To Prep
Add flour, salt, and sugar in the mixing bowl of a food mixer.
Pour ¼ cup of ghee into the mix and start mixing with a dough hook on low speed until dough clumps.
Add egg, water and condensed milk into the mixer, and keep kneading until the dough is soft and elastic, about 5 mins.
Cut the dough into 6-8 equal size pieces, about 100g each, then roll into balls.
Coat each ball with a teaspoon of ghee, and then place them in one single layer in a large mixing bowl, plate or baking tray. Cover with cling film and allow to rest at room temperature for at least 2 hrs or overnight.
To Cook
Prepare a workspace by oiling a substantial area with extra ghee. Take the dough, one at a time, and place on the bench. Flatten it with your palm and stretch the centre outwards until it is around 0.5 cm thickness.
If you choose to use the traditional stretching method, grab one edge of the dough, lift it up in a swift motion and quickly slap it back on the bench.
Keep doing it in a clockwise direction and the dough will start stretching as thin as paper. If you are not confident with the traditional method, alternatively you can just keep pushing the dough outwards with the palm of your hand in all directions. Eventually, it will become paper thin. It is okay to have a few tears here and there on the dough, as it will be folded later on.

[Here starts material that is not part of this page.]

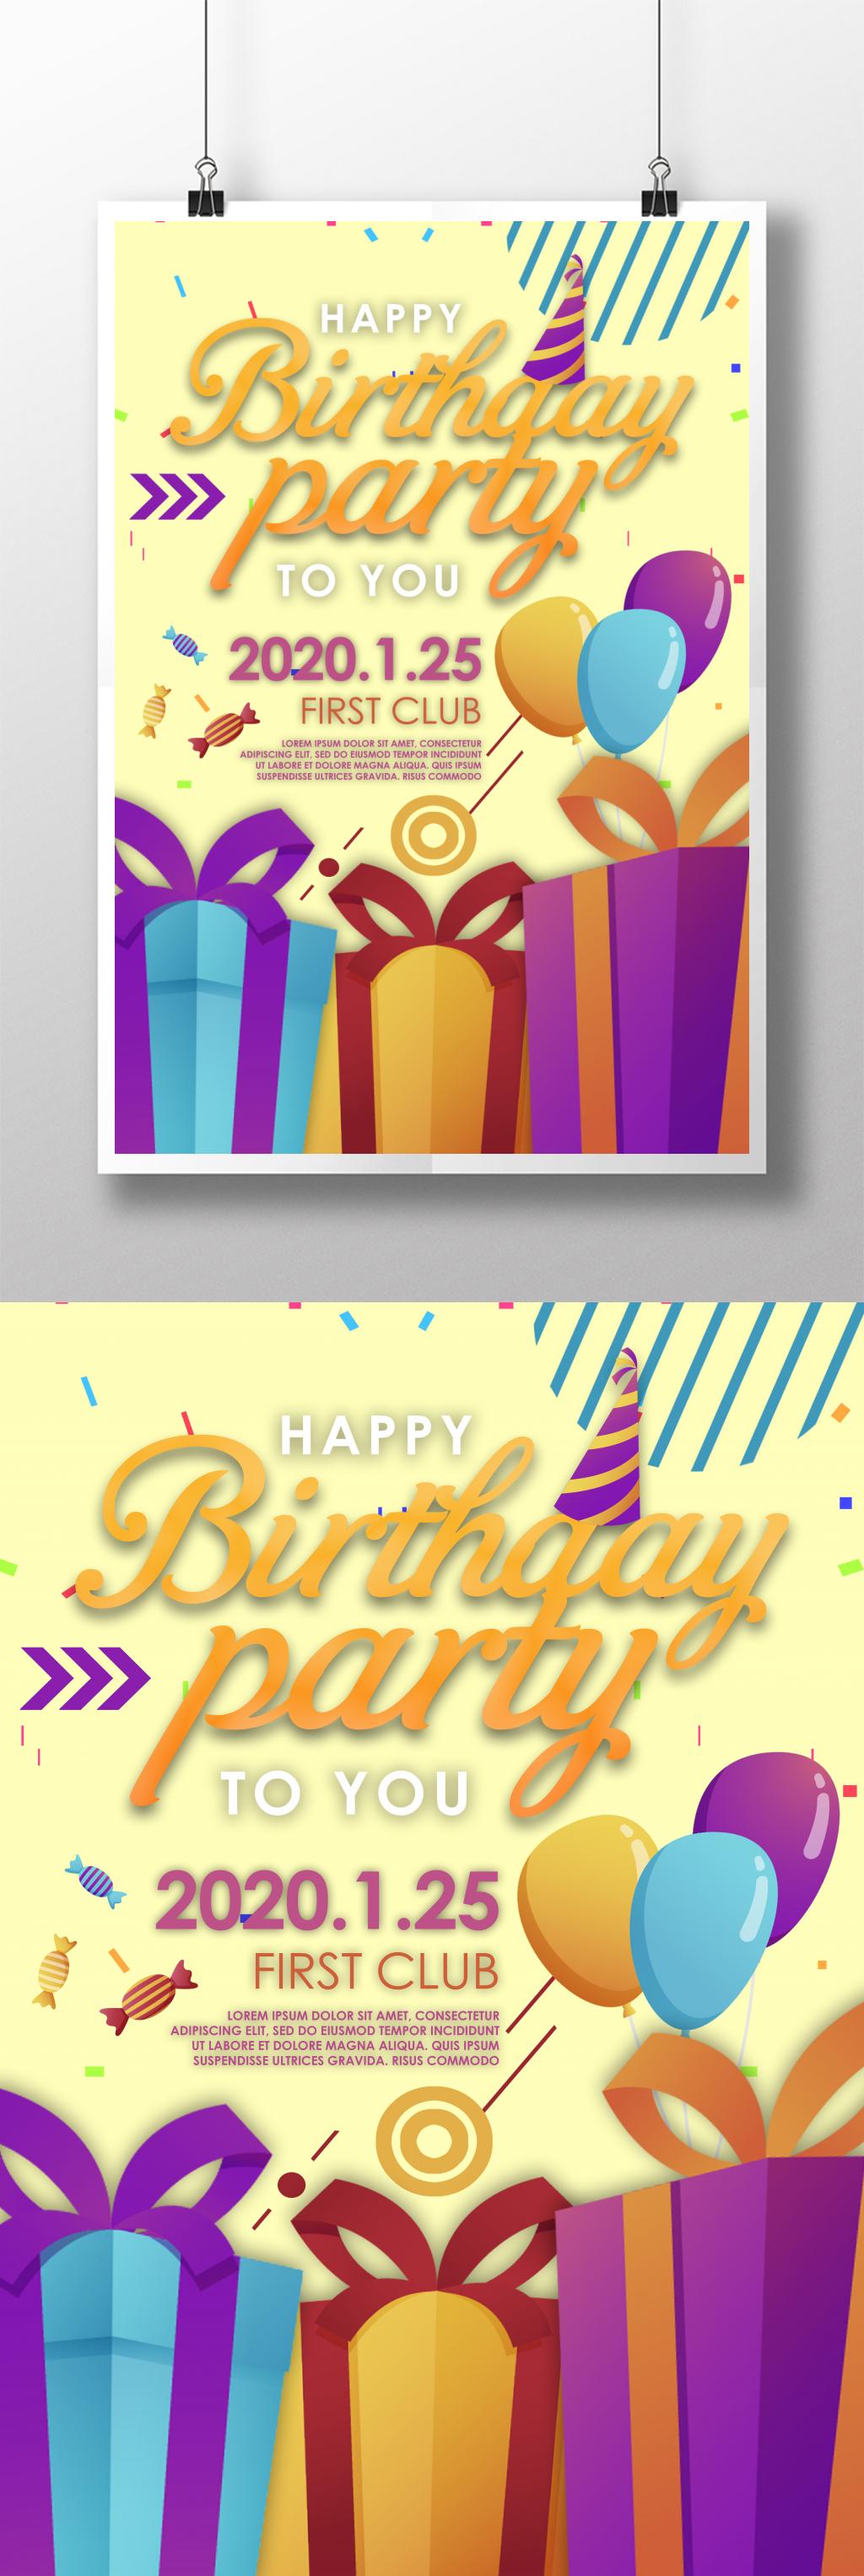 birthday-party-poster-template-image-picture-free-download-450021688

Once the dough is paper thin and almost see-through, fold four corners inwards to make a large square. Lightly grease a large fry pan with ghee then heat it over low heat. Add the roti, and swirl it around to stop it from sticking to the pan.
Cook for about 1-2 mins, then place half of the sliced bananas in to the centre and then fold in the sides of the pastry over the banana to form a parcel.
Add another teaspoon of ghee to the pan and continue cooking the roti for about 2-3 mins then flip over and cook for another 2-3 mins.
Once both sides are golden brown, transfer the banana roti to a plate and repeat with the remaining dough. Cut the banana roti into squares and serve with condensed milk and white sugar.